CSU stemmt sich gegen volle Gleichstellung der Homo-Ehe

FDP drängt auf baldige Einigung in der Koalition

Die CSU stemmt sich gegen die vollständige Gleichstellung homosexueller Partnerschaften mit der Ehe: Über die jüngsten Vorgaben des Bundesverfassungsgerichts zum Adoptionsrecht hinaus solle es "keine anderen Weichenstellungen" geben, sagte CSU-Landesgruppenchefin Gerda Hasselfeldt. Nach Ansicht von Ex-Verfassungsgerichtspräsident Hans-Jürgen Papier ist die Benachteiligung der Homo-Ehe nicht mehr haltbar.

Es gebe unter den CSU-Abgeordneten in Berlin die "eindeutige Tendenz", über die vor einer Woche vom Bundesverfassungsgericht geforderte Zulassung der Sukzessivadoption nicht hinauszugehen, sagte Hasselfeldt in Berlin. Trotz eines anstehenden Urteils aus Karlsruhe zur steuerlichen Gleichbehandlung der Lebenspartnerschaften sehe die CSU-Landesgruppe "keinen Handlungsbedarf, jetzt im Vorgriff auf eine erwartete Entscheidung eine Änderung geltenen Rechts herbeizuführen". Die CSU sehe weiter einen Unterschied zwischen Ehe und Familie einerseits und eingetragenen Lebenspartnerschaften andererseits.

Nach Ansicht von Unions-Parlamentsgeschäftsführer Michael Grosse-Brömer (CDU) ist die Debatte über die Konsequenzen aus dem jüngsten Karlsruher Urteil dagegen "ergebnisoffen". Das Urteil selbst werde selbstverständlich umgesetzt. Darüber hinaus werde die Unionsfraktion prüfen und diskutieren, "ob weitere Schritte nötig sind oder nicht". Ein Ergebnis dieser Debatte solle es noch vor der Sommerpause geben. Wie groß die jeweiligen Lager in der eigenen Fraktion sind, konnte der Parlamentsgeschäftsführer nicht einschätzen.

Grosse-Brömer und Unionsfraktionschef Volker Kauder (CDU) hatten sich am Wochenende noch dahingehend geäußert, dass nach dem Karlsruher Urteil nun ein größerer Schritt zur Rechtsangleichung von Homo-Ehen anstehe. Die FDP drängte auf eine rasche Einigung mit der Union. "Uns ist wichtig, dass neben dem Adoptionsrecht gleiche Rechte und Pflichten für homosexuelle Paare gelten", sagte FDP-Fraktionschef Rainer Brüderle.
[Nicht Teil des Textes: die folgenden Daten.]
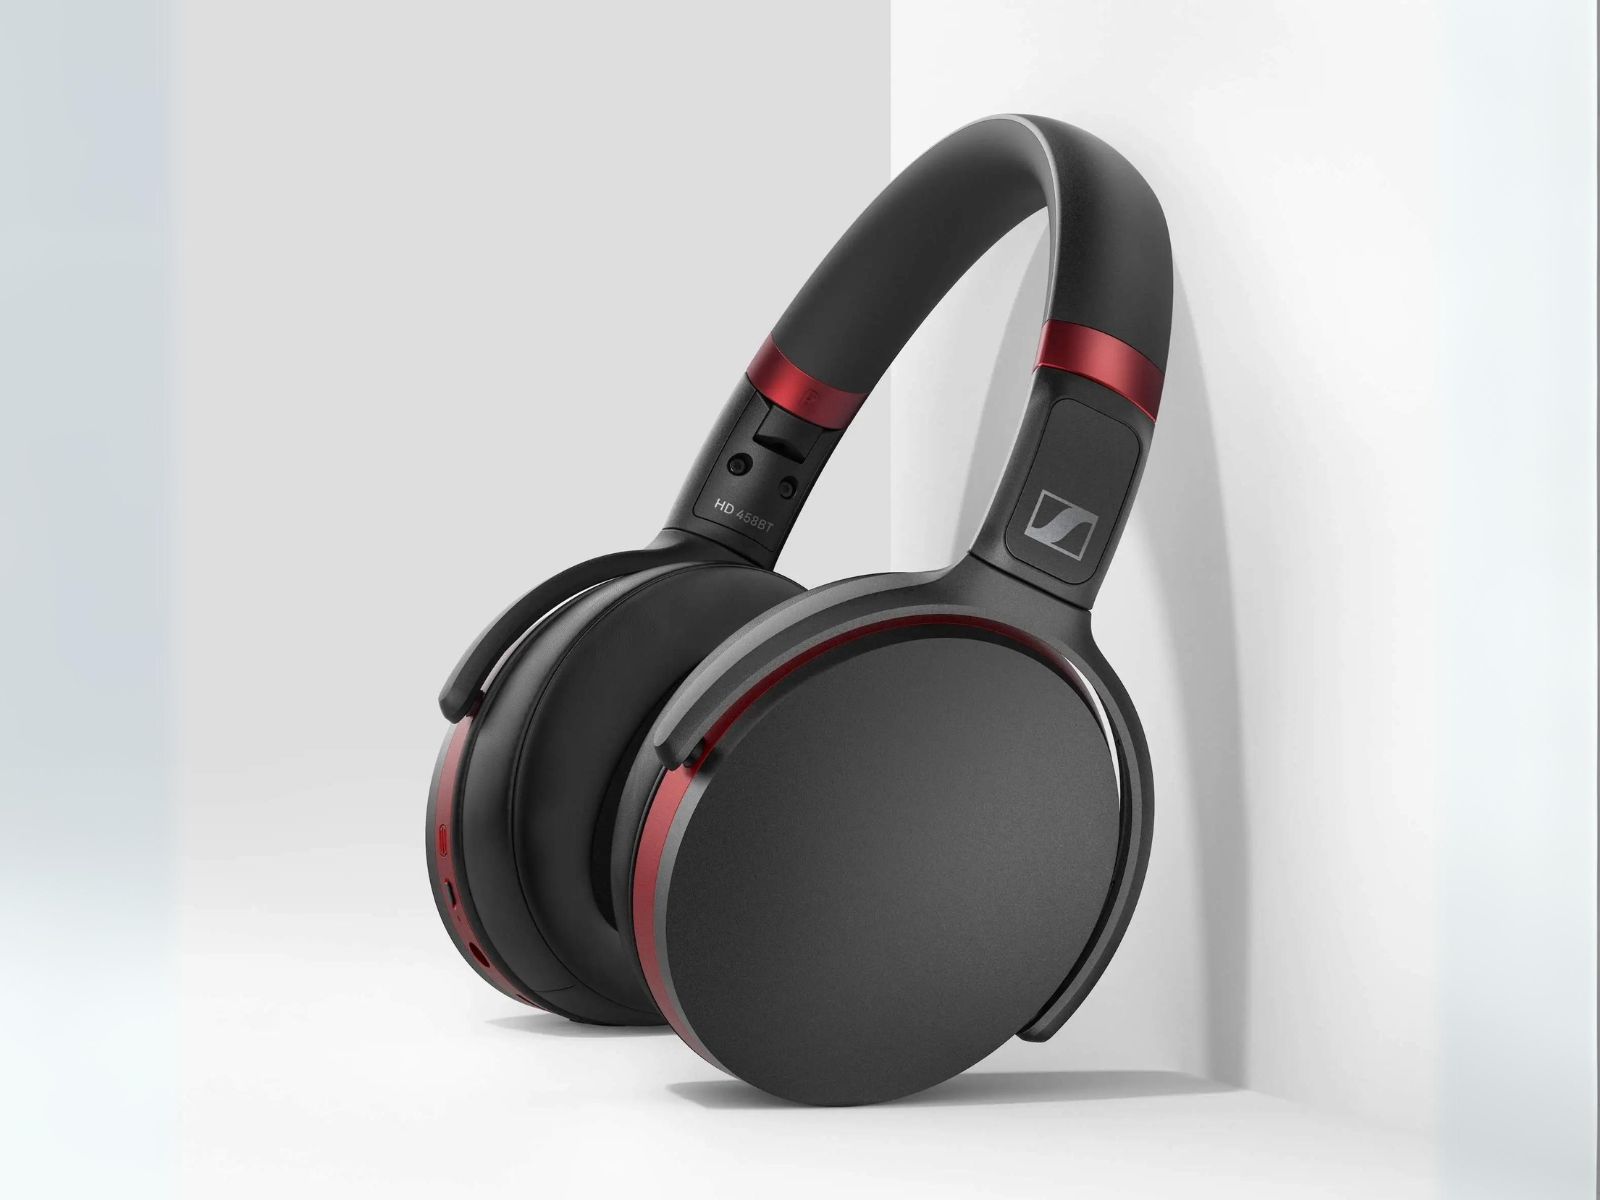 QCY Unveils the H3 Wireless Noise-Canceling Headphones for $40

Papier sagte der "Bild"-Zeitung, die Sonderstellung der Ehe im Grundgesetz werde damit begründet, dass sie auf Dauer angelegt sei und auf der für den Partner übernommenen Verantwortung gründet. "Darin unterscheiden sich Ehe und eingetragene Partnerschaft nicht", sagte Papier der Zeitung.
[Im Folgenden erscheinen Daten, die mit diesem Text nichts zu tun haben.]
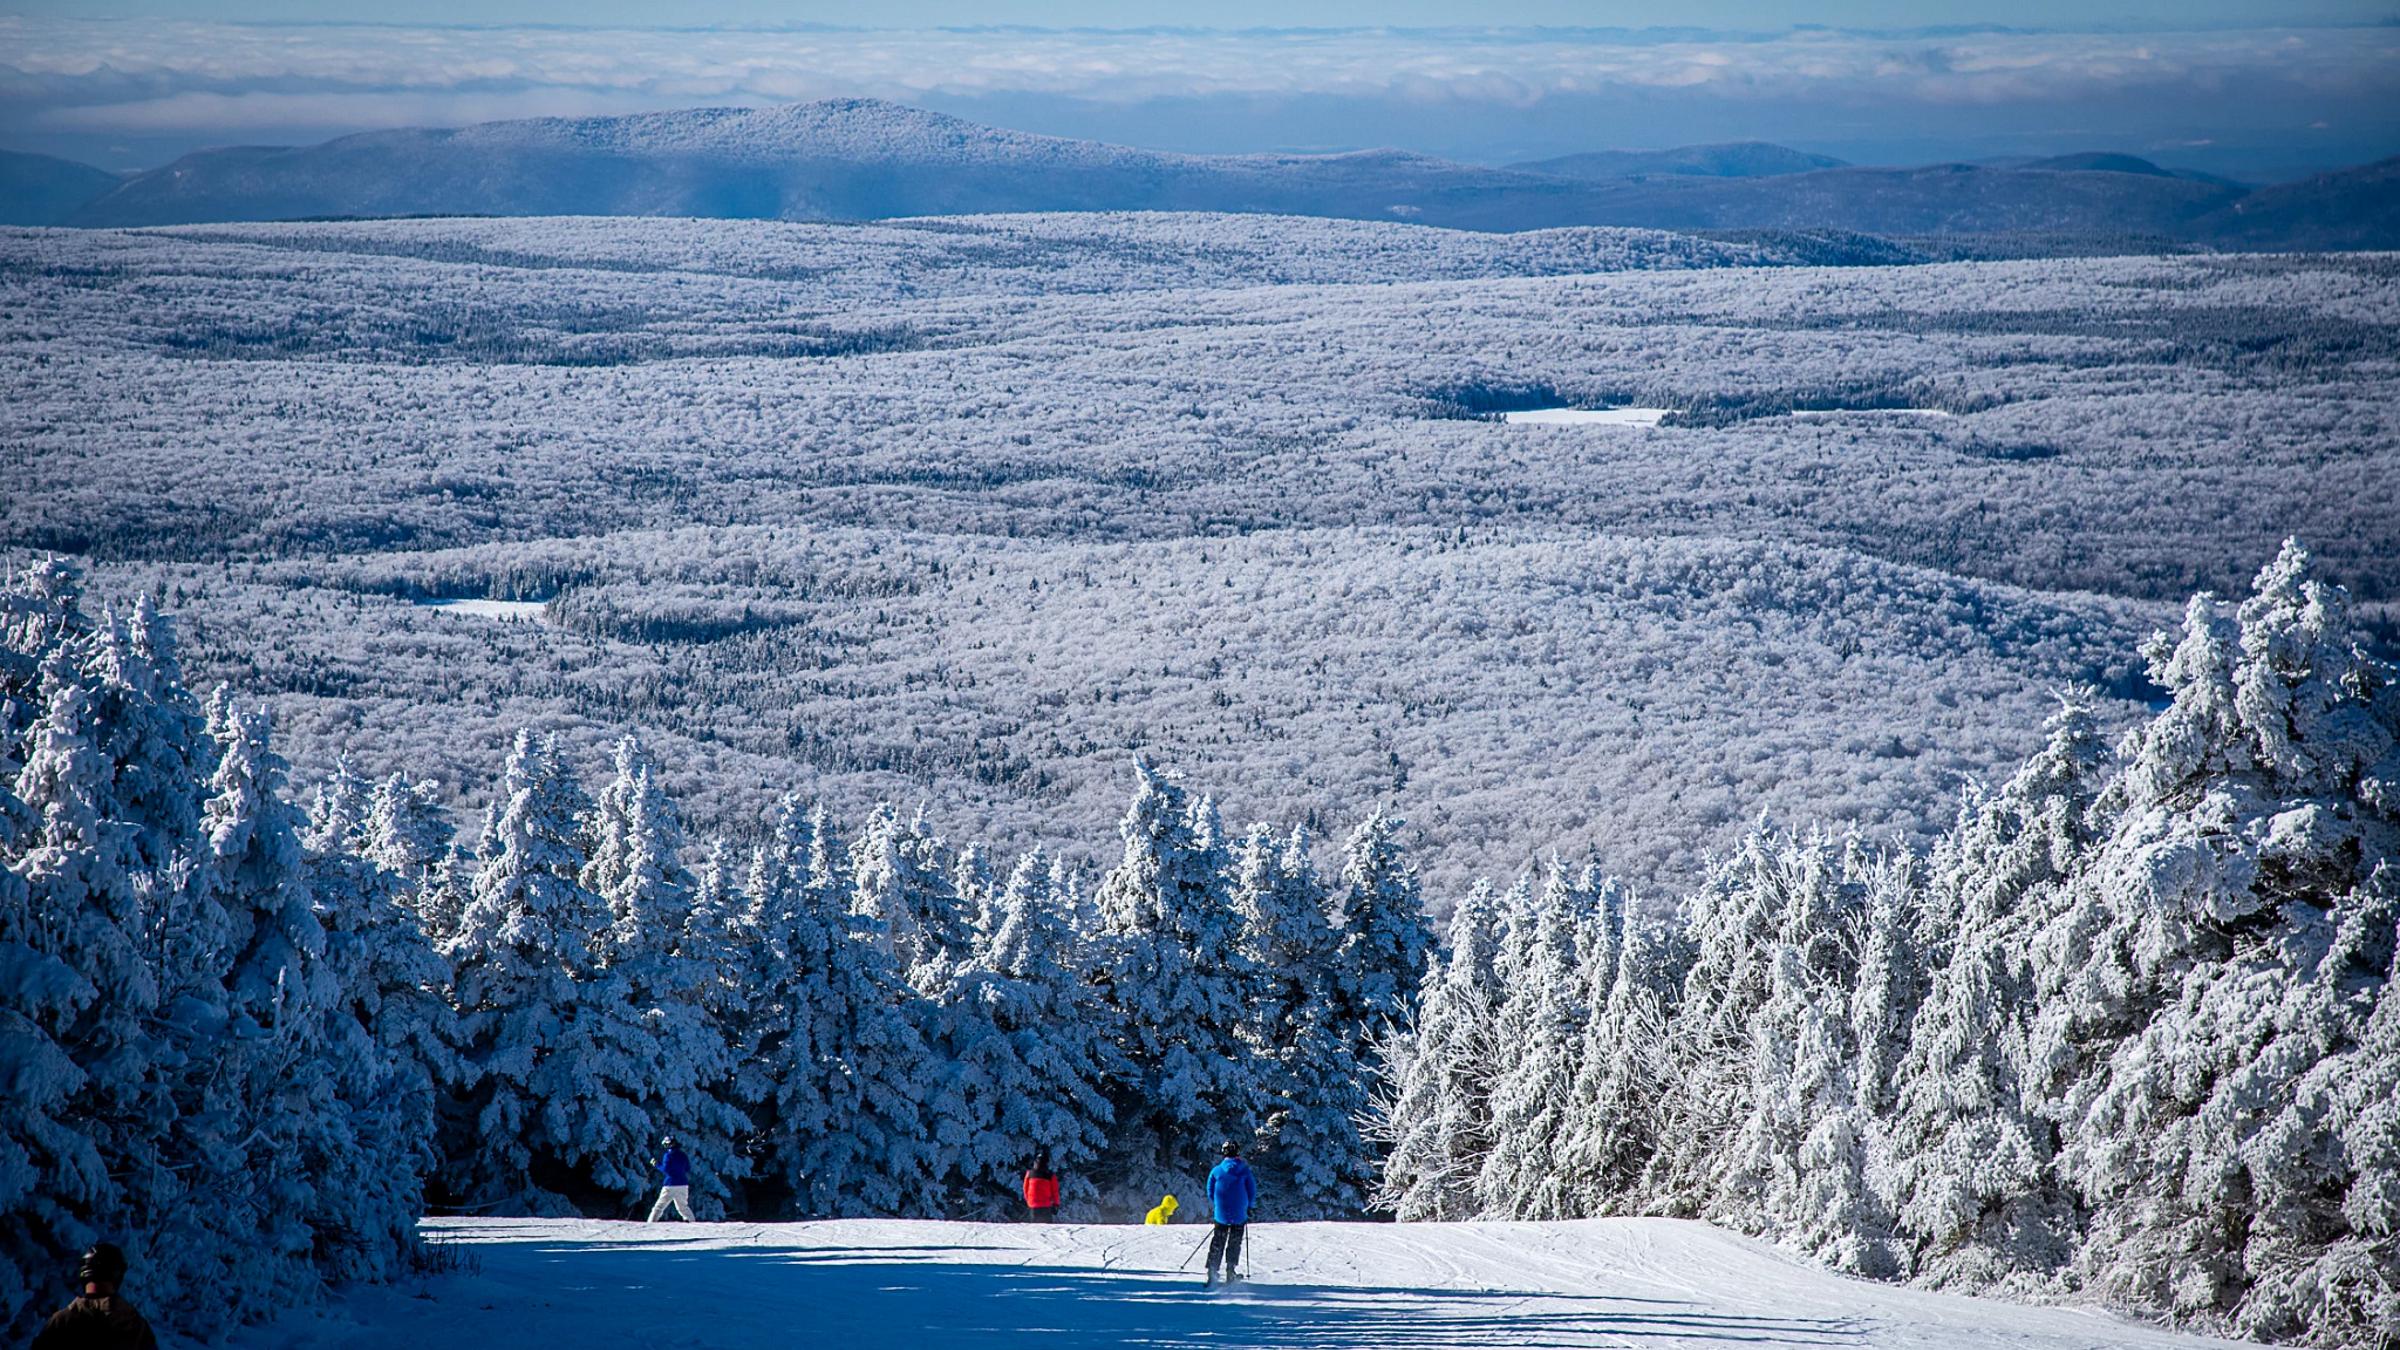 Hours of Operation for Stratton Mountain Resort in Vermont

Die SPD drückte unterdessen bei der steuerlichen Gleichstellung aufs Tempo. Die Opposition werde die neuen Mehrheiten im Bundesrat nutzen, um steuerliche Gleichstellung einzufordern, sagte SPD-Fraktionschef Frank-Walter Steinmeier. Auf der Sitzung der Länderkammer am kommenden Freitag werde ein entsprechender Gesetzentwurf beraten. Ein weitergehender Entschließungsantrag zu einer generellen Öffnung der Ehe für Schwule und Lesben wird auf der darauffolgenden Bundesratssitzung am 22. März auf der Tagesordnung stehen.
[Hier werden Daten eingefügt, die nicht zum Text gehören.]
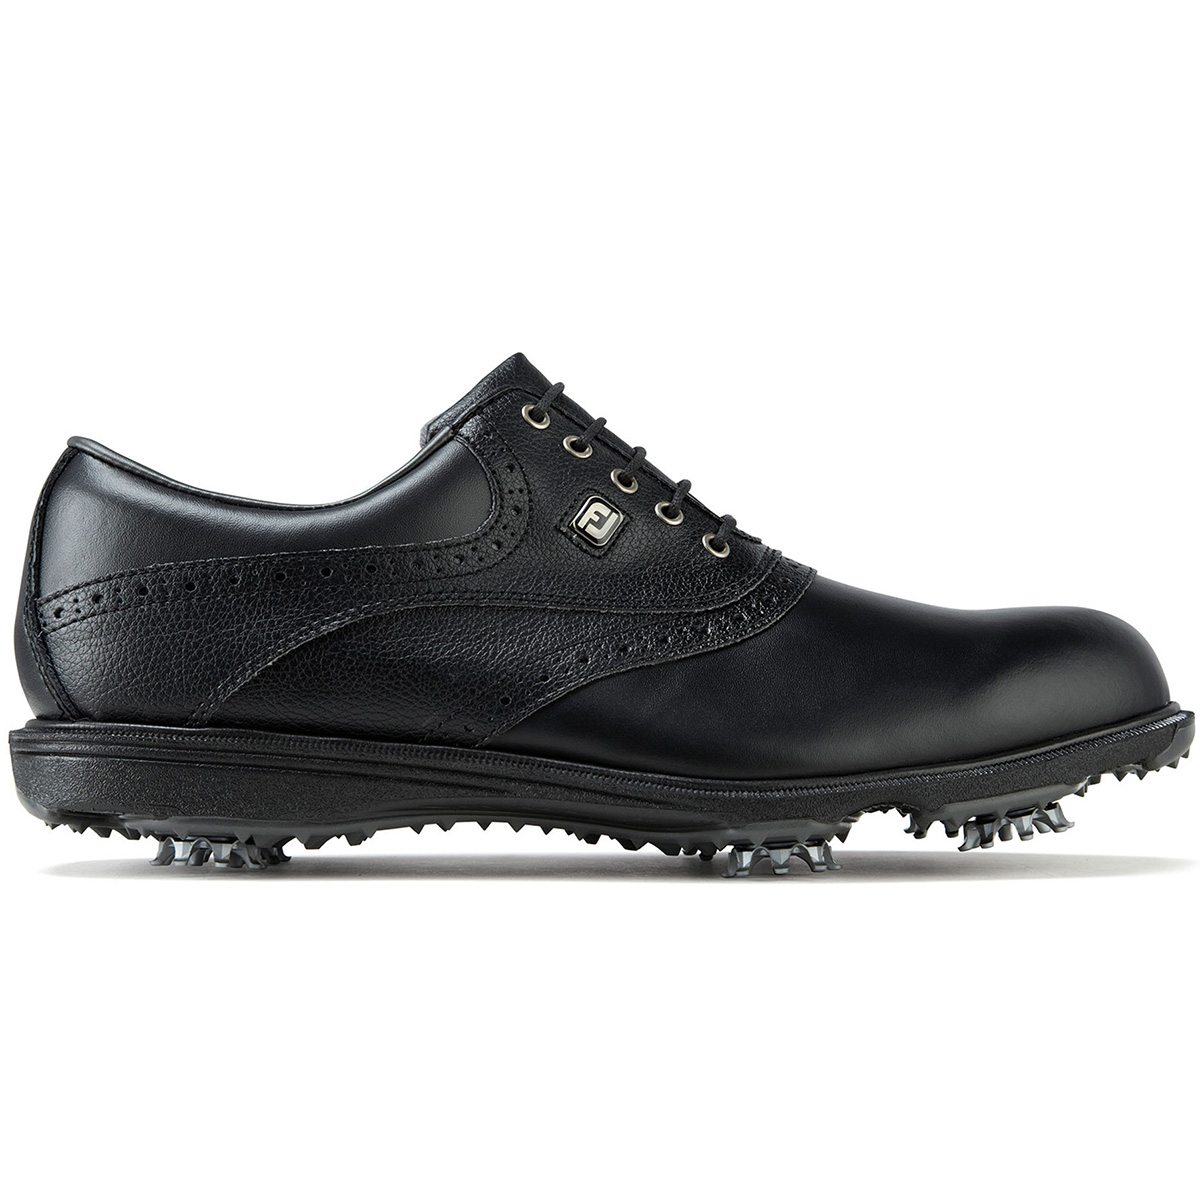 FootJoy Hydrolite 2 Shoes from american

Das Bundesverfassungsgericht hatte am Dienstag vergangener Woche die Rechte homosexueller Paare zur Adoption von Kindern ausgeweitet. Demzufolge dürfen Schwule und Lesben, die in einer eingetragenen Partnerschaft leben, auch ein von ihrem Partner zuvor angenommenes Kind adoptieren. Ein weiteres Urteil zu eingetragenen Lebenspartnerschaften soll noch vor der Sommerpause kommen. Dabei geht es um die Klage zum Ehegattensplitting, das Eheleuten steuerliche Vorteile gewährt, Schwulen und Lesben in einer eingetragenen Partnerschaft aber nicht.